= Divers hands =

Divers hands (or more rarely dyvers hands), is an archaic phrase used to refer to a project that has been contributed to by many people. Divers is a word of Latin origin (diversus) that is still commonly used in modern French language; it literally means "many and varied". This usage of the word Divers can be found in the Bible and other older texts, but it is not commonly used in modern English.
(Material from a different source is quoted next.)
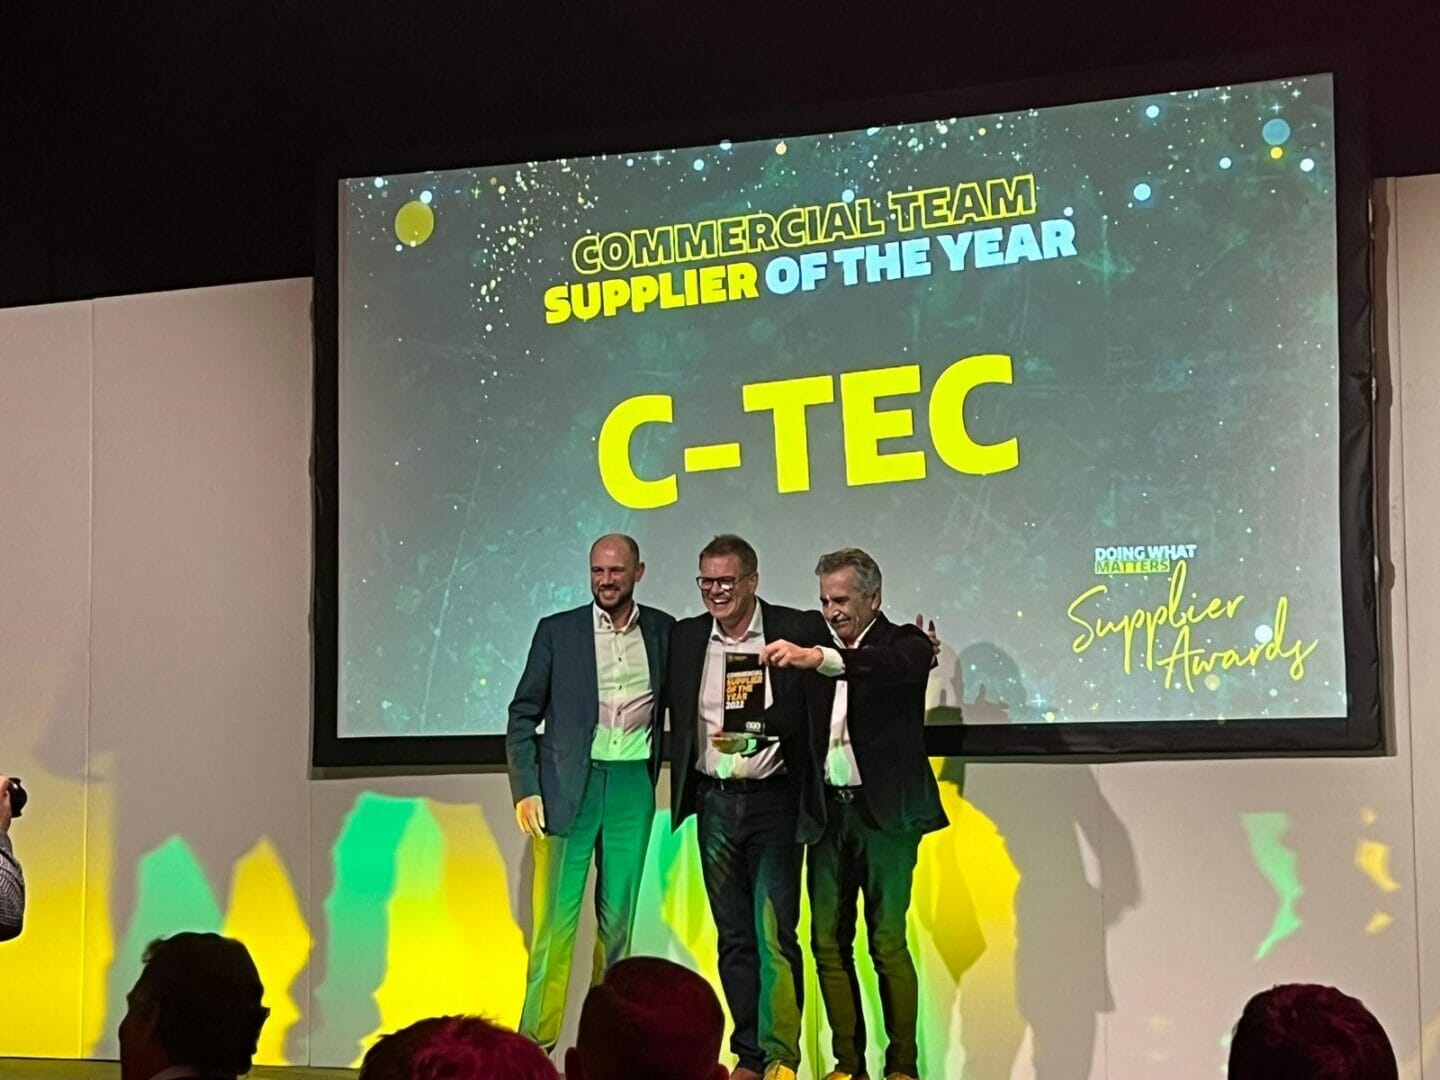 Travis Perkins Commercial Supplier of the Year – CT1 is the Award-Winning Choice!

The phrase is still used to refer to the authorship of plays, essay collections, and short story collections by multiple authors.
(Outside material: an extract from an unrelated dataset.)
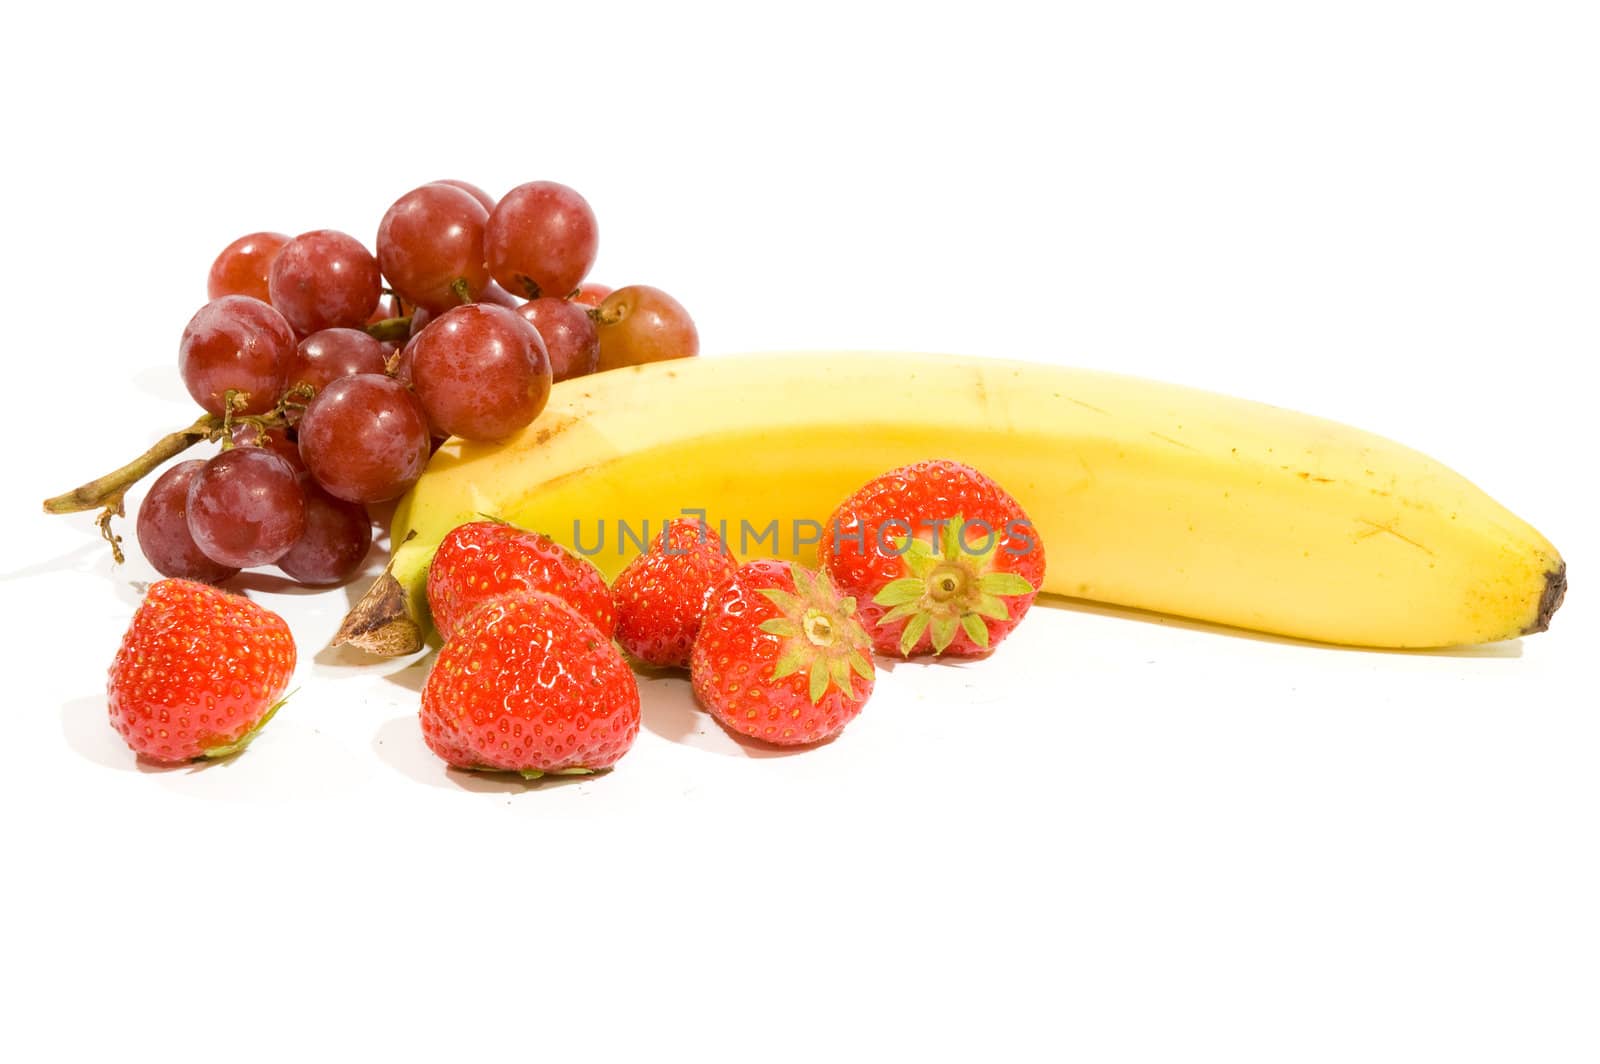 Multi fruits with cherrys  isolated on white

== Divers hands in the past ==
The oldest usage of the term to date online is William Strachey A True Reportory of the Wrack (1610) "Fowl there is great store, small birds, sparrows fat and plump like a bunting, bigger than ours, robins of divers colors green and yellow, ordinary and familiar in our cabins, and, other of less sort;"
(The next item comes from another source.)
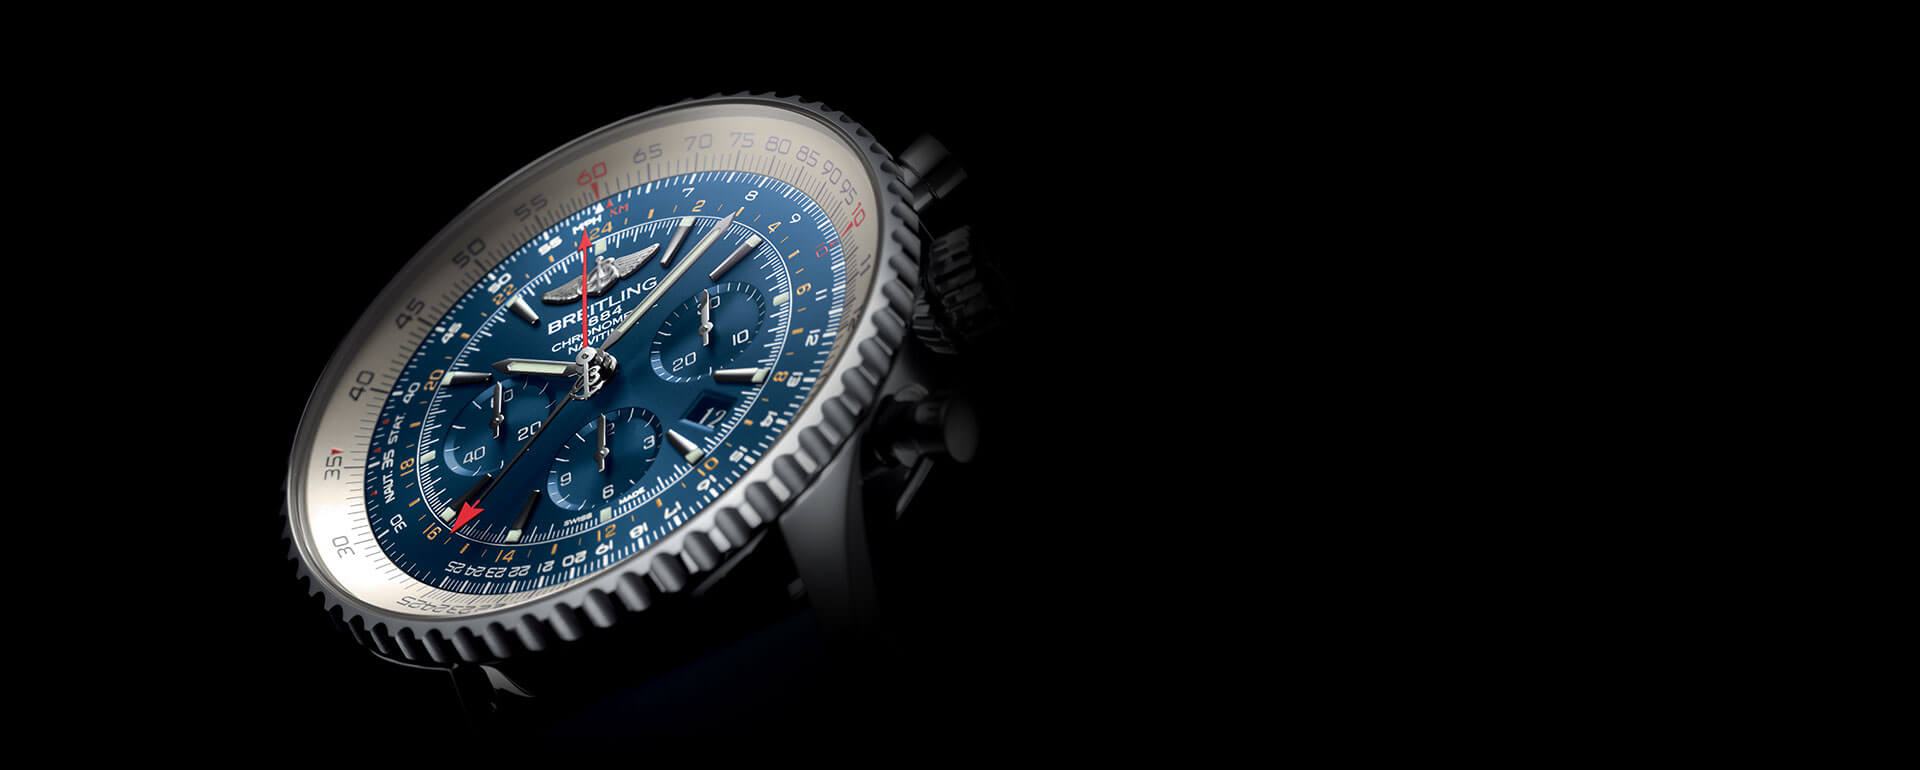 breitling Top Time 1765

There does not appear to be the use of 'divers hands' in the English bible itself, but often in scholarly works about the bible. There are several uses of the word 'divers', however. For example, in the King James version of the Bible, "And Tamar put ashes on her head, and rent her garment of divers colours that was on her, and laid her hand on her head, and went on crying."

The very rare alternative spelling 'dyvers hands' was historically used, for instance in the parish records of St John in Bedwardine, Worcestershire, England "that 'thro' dyvers hands it came to Mr. Thomas Hall of Henwyke, the father of John Hall."

== Divers hands and the Cthulhu Mythos ==
The most common modern-day usage of divers hands is found in the stories of the Cthulhu Mythos, created by H. P. Lovecraft and expanded by other authors. How the term originated and why it regularly came to be used to refer to Cthulhu Mythos stories is unknown. It was originated either by Lovecraft himself or by his protégé August Derleth, who first published many of Lovecraft's works.

Derleth's publishing company, Arkham House, was the first to codify this usage with their publication of The Shuttered House and Other Rooms (1959), and later The Dark Brotherhood and Other Pieces (1966). Each was bylined "H. P. Lovecraft and Divers Hands", and each included original stories and poems by H. P. Lovecraft as well as derivative works and essays by other notables, including Fritz Leiber and Jack L. Chalker.

The phrase can be found in reference to many of the original weird fiction writers, including not just Lovecraft but also Clark Ashton Smith. It has also been used in many modern collections, such as the Call of Cthulhu books.

== Divers hands today ==
The most common non-Chthulhu Mythos usage of the term 'divers hands' is "By (someone's real name) and Divers Hands", which tells people that the principal author wants to give credit to all the others who contributed. Example:
- Notes on League of Extraordinary Gentlemen hardcover edition, by Jess Nevins and divers hands This is deeply annotated study of all the eclectic literary references from the comic book.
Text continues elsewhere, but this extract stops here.